# Soil results - low PH, high K



## CLT49er (Jun 19, 2020)

Soil results just came. Here are their recommendations. Seems like standard kaolinite clay soil in the Charlotte area. Soil sample results last year were about the exact same.

PH 5.3 - apply 57lbs per 1k
-Will split that up in two apps. February and May. 
-Last year I was at a 5. I applied the recommend 69lb/1k. But did it all at once. Heavy! 😬. Ph only raised .3?

Phosphorus is low
-Recommends 3lbs per 1k spring and again summer 
-Might do a third 3lbs application. 
-Probably didnt correct it enough last year.

Potassium is excessive. 
-any concerns here?
-will try to apply no K all year.

Micros seem ok
-will use micros during PGR apps

CEC low
-Carbon ProG seems like a good value. Will go heavy if budget allows.


----------



## Ridgerunner (May 16, 2017)

Clemson?
If so, I believe they use M1 to extract nutrients.
To convert to ppm, divide lbs/acre by 2.
Potassium levels of 125 ppm are not an issue.
Phosphorous at 8 ppm is low.
You can find links to the M1 (Mehlich 1) sufficiency level ranges, formulas and 8 step calculation process for adjusting nutrient reserves and maintenance application amounts You can use the guide and links here and Mehlich 1

BTW, changes in pH from lime applications can take 1 to 2 years on a loam soil. On a clay soil, even a weathered low CEC clay, it will take ven longer for the change to work down to depth.


----------



## CLT49er (Jun 19, 2020)

Thanks. Yes. That was Clemson. They make it easy to submit and turnaround is great.
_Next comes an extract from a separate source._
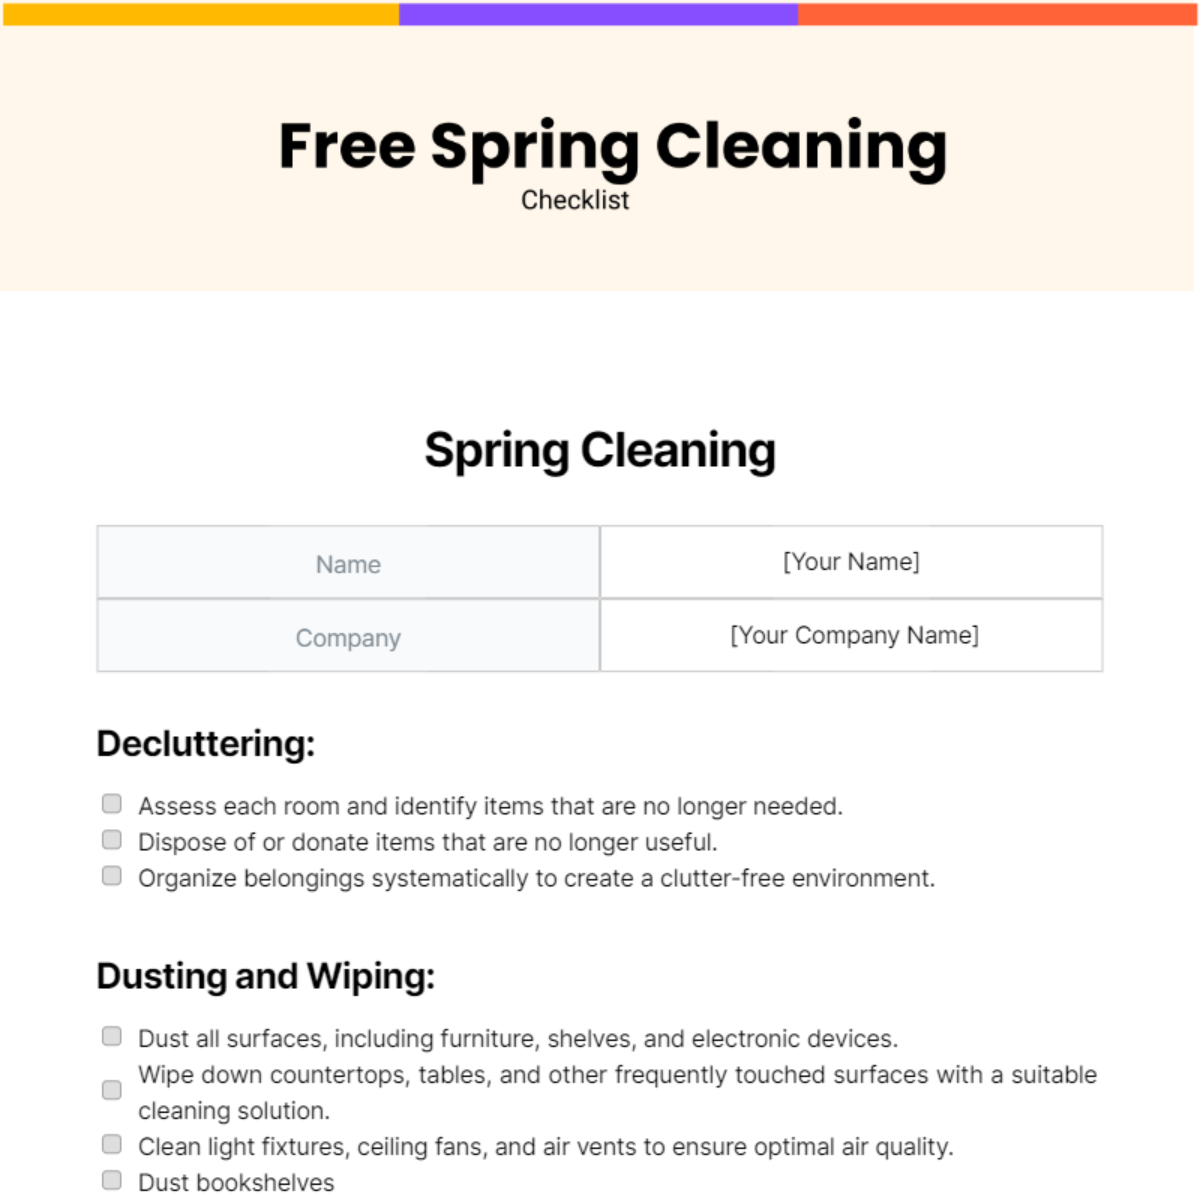 Free Spring Cleaning Checklist Template
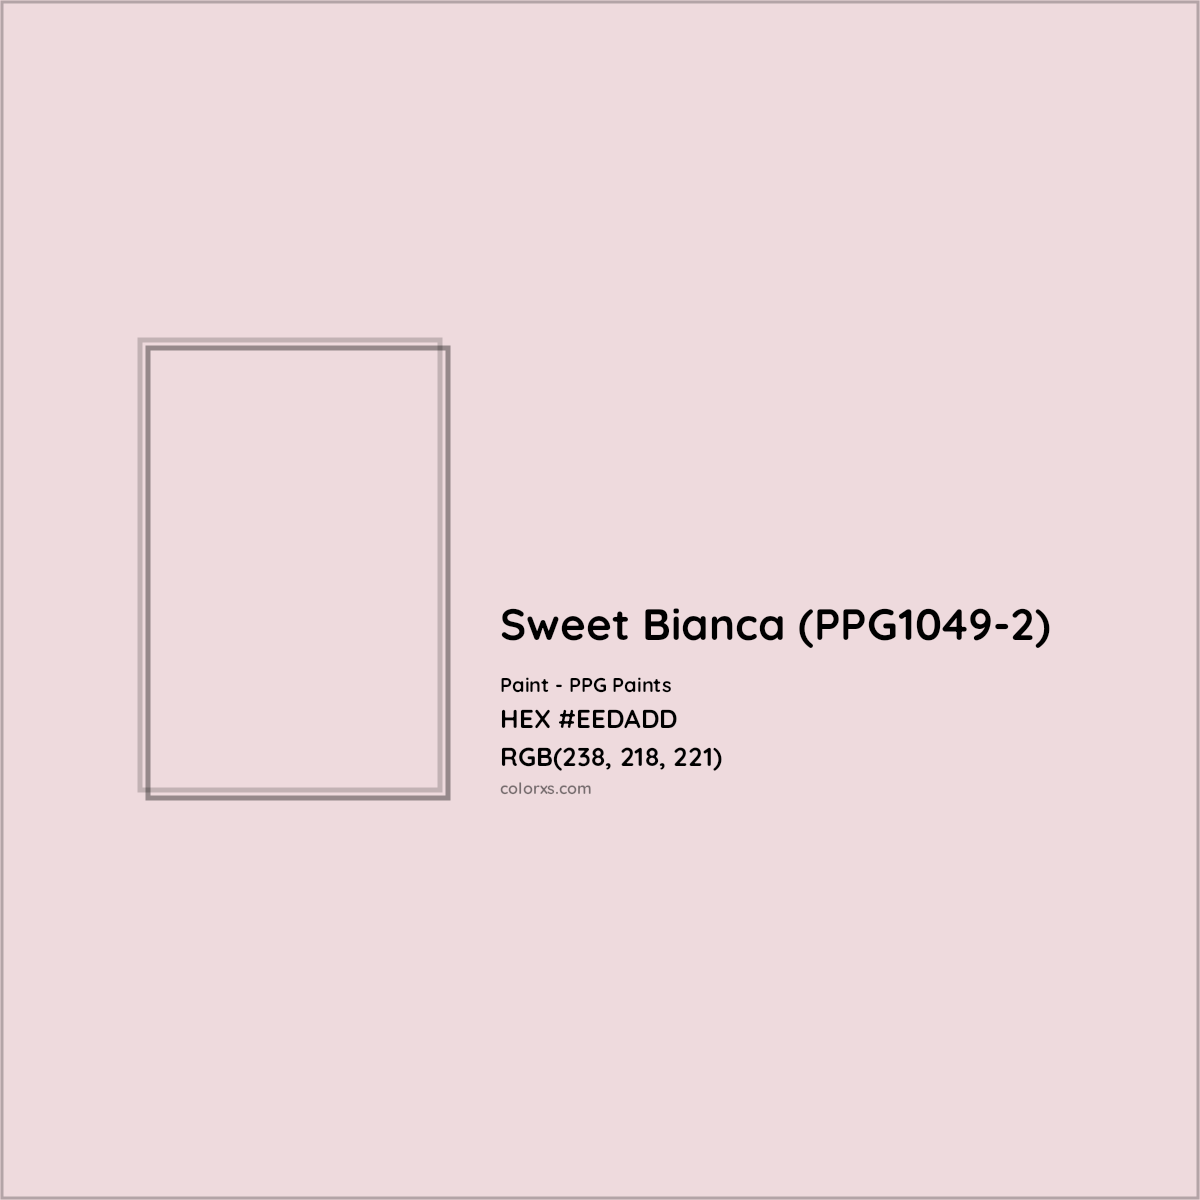 HEX #EEDADD Sweet Bianca (PPG1049-2) Paint PPG Paints - Color Code

On the PH. Since I went so heavy last year and met what they suggested, should I continue to add lime or wait until I see those numbers rise next year or so?


----------



## Ridgerunner (May 16, 2017)

There are a couple of calculators out there for approximating residual lime credit.
A very rough method is to credit a prior lime application at an 8%/month depreciation rate.

From NCDA:

"The current pH is the pH of the sample analyzed. Since some lime applied within the past 12 months may not have fully reacted, "residual credit" (RC) is given to applied lime, depending on the soil class and how recently it was applied. Residual credit is reduced by 8 percent per month from the time of application to the time of soil sampling for mineral soils and by 16 percent per month for mineral-organic and organic soils."

For example, A soil report recommends the application of 40lbs/M of lime, but you already applied 50lbs/M of lime 7 months ago:
7 X 8%= 56%
50 lbs of lime X 56% = 28 lbs of lime sitting un-activated
40 lbs of lime - 28 lbs = 12lbs of lime to be applied.

Remember that most of that 69 lbs that activated that you applied last year has only been able to affect the top 1" or so of soil raising that layer pH close to a pH of 8. It's going to take a long time for it to work down to the 3-4" depth.


----------



## CLT49er (Jun 19, 2020)

Whoa. Thanks so much @Ridgerunner !


----------



## Ridgerunner (May 16, 2017)

@CLT49er 
That's wrong. I need to slow down. It should be:
For example, A soil report recommends the application of 40lbs/M of lime, but you already applied 50lbs/M of lime 7 months ago:
7 X 8%= 56%
50 lbs of lime X 56% = *28 lbs of lime activated, 22 lbs of lime un-activated
40 lbs of lime - 22 lbs = 18lbs of lime to be applied.*
Sorry about my haste.


----------



## CLT49er (Jun 19, 2020)

Lol. Close enough and understood the logic. Thanks!


----------